It appears the pace of COVID-19 vaccinations is slowing down in Ohio, while the rate of new cases remains stubbornly high.
State health officials reported 1,789 new cases of COVID-19 Wednesday, as the number of cases seems to have stalled at a high plateau. Hospitalizations have remained at or above recent averages, with 138 new admissions, and over 12-hundred people currently hospitalized with coronavirus.
Vaccination clinics continue around the state, and in his coronavirus briefing Wednesday Governor DeWine hinted that the joint state/federal vaccination clinic in Cleveland will be extended past it's original eight weeks stint. Over 4.4 million Ohioans have received at least their first shot, and 27.5 percent of all Ohioans are now fully vaccinated.

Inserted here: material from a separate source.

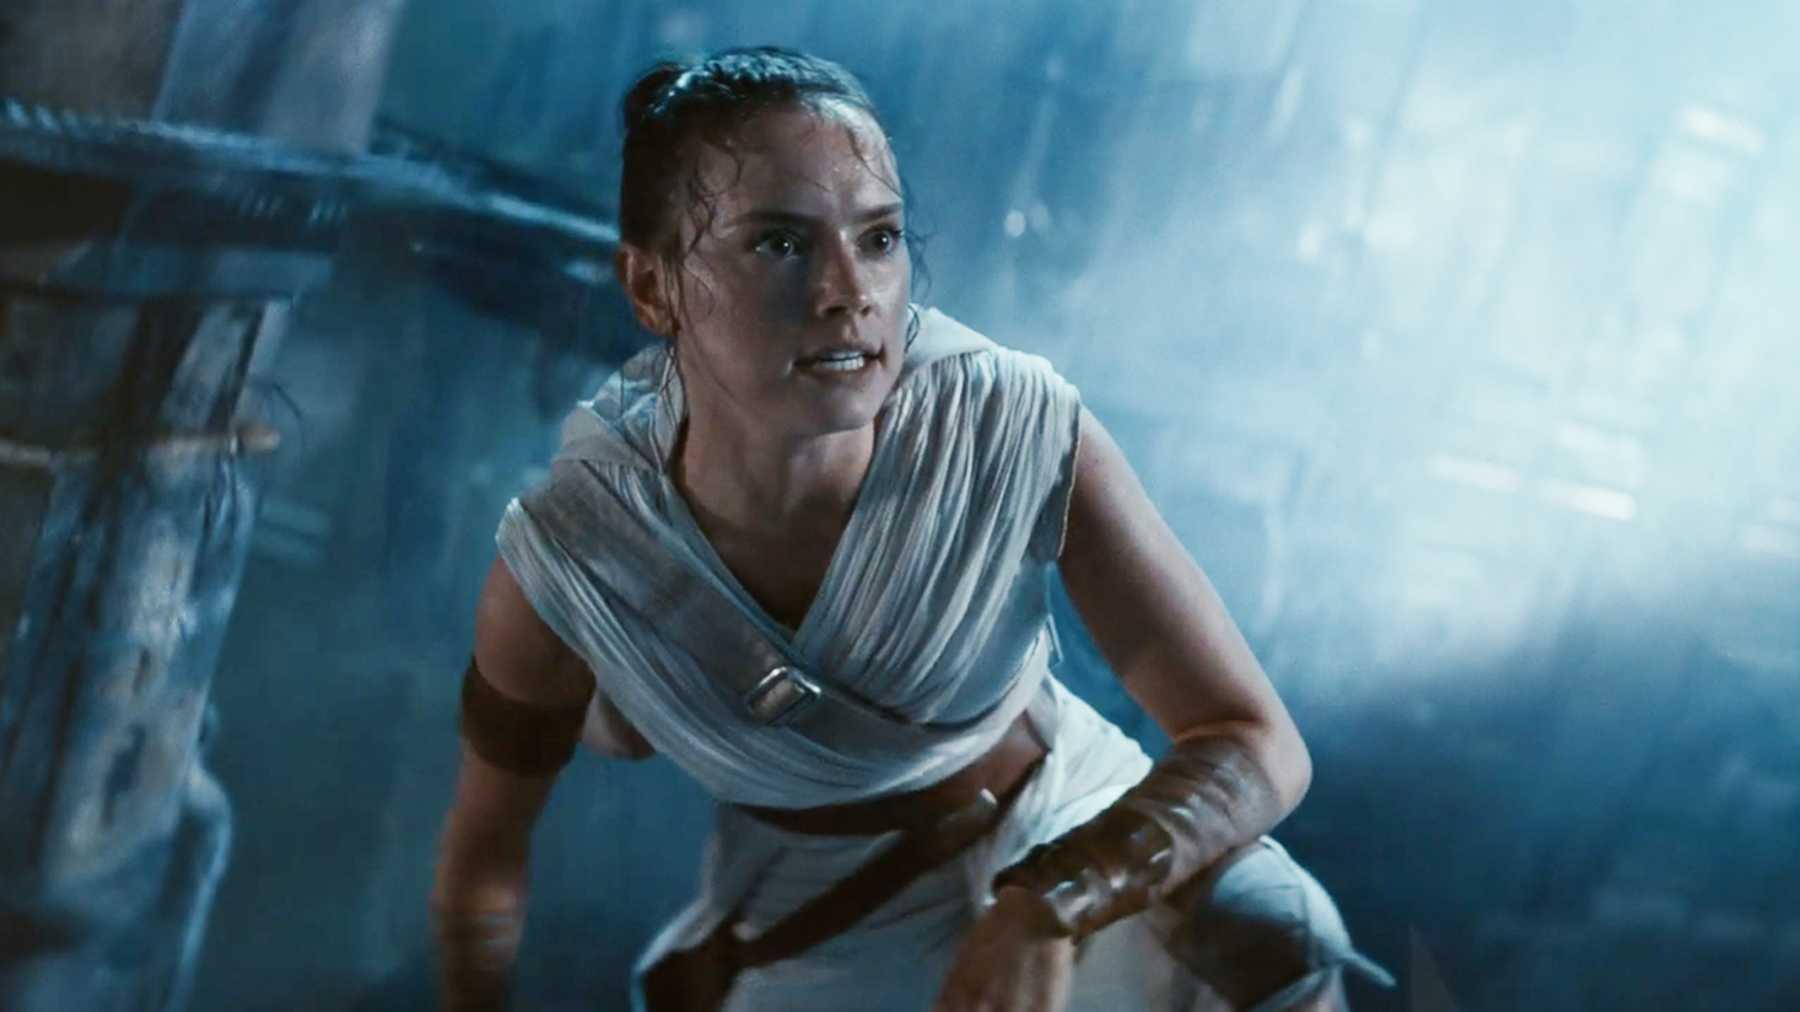 Star Wars «Woman»: Disney planea serie centrada en personajes femeninos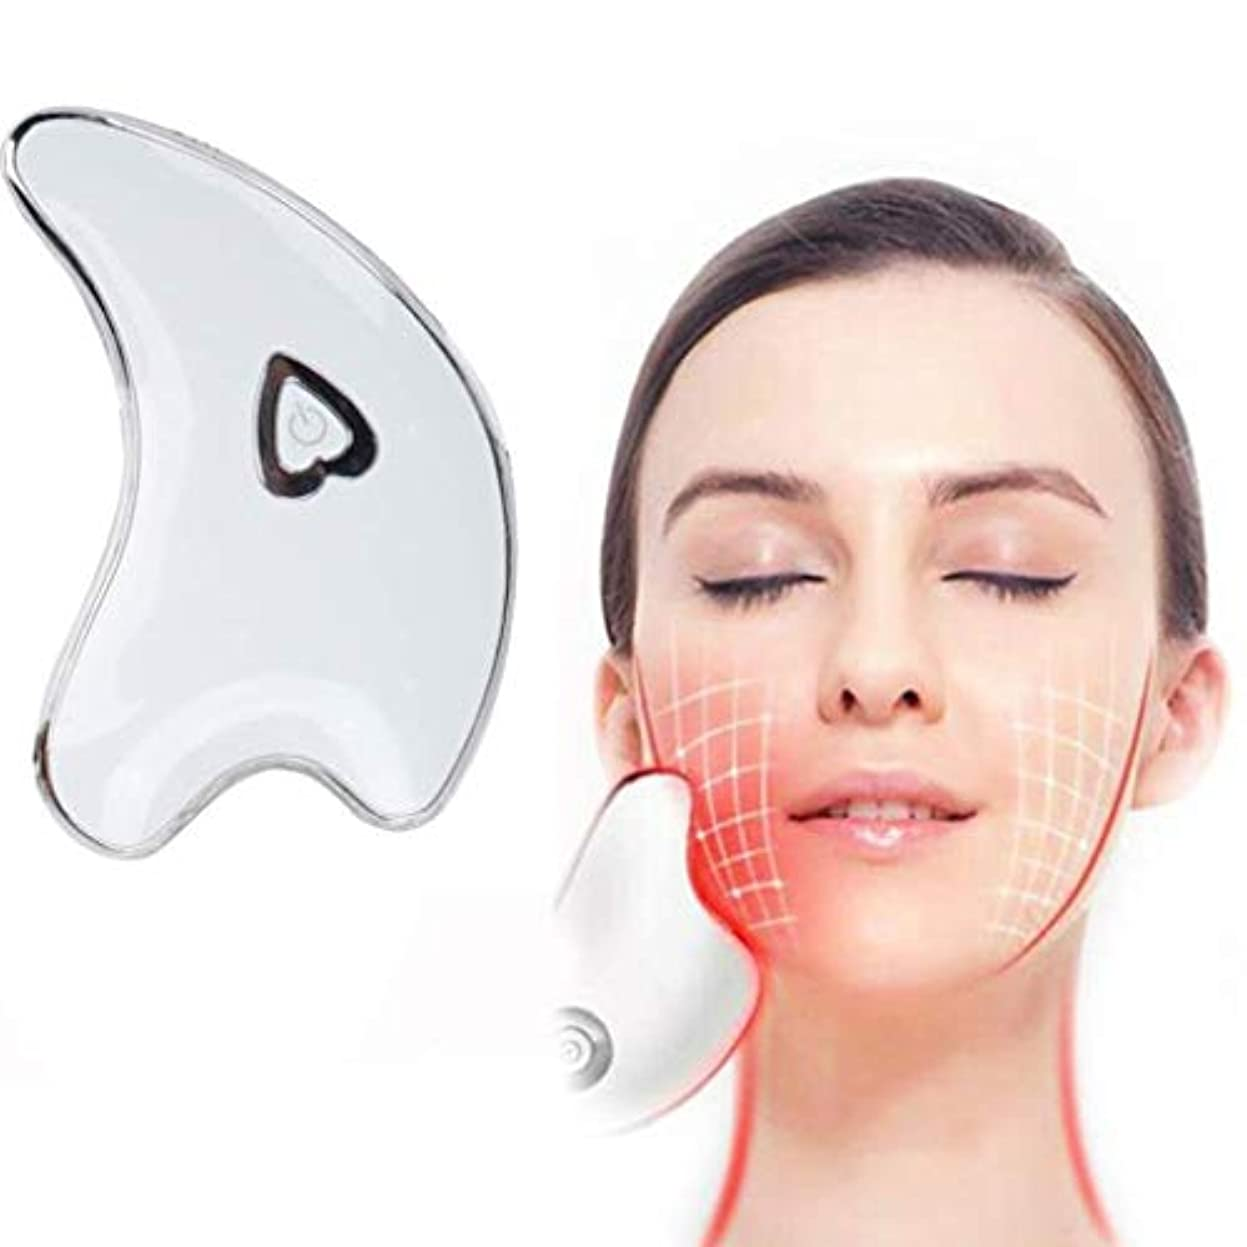 ゲージどうやって危険にさらされているフェイシャルスクレーピングマッサージャー、ネックスクレーピングマッサージボード、ダークサークルを防止するためのツールマイクロカレントバイブレーションアンチシワ、薄い顔の引き締め肌の引き締め (Color : White)

But the rate of new vaccinations is slowing. There were 30,000 first shots administered Tuesday, down from 80-90,000 a day in late March. Some vaccine providers are are turning down new first doses of vaccine, and there are concerns that the remaining unvaccinated population will be harder to reach. State medical director Dr. Bruce Vanderhoff says that vaccine hesitancy means people are now facing a more dangerous virus.
"...which is more contagious, and able to put younger people at much greater risk, including the risk of ending up in the hospital. Essentially the new variants have evolved to stick more easily to our cells. So it takes less of the virus, less exposure, to make a person sick. "
And Vanderhoff says herd immunity is still a long way off.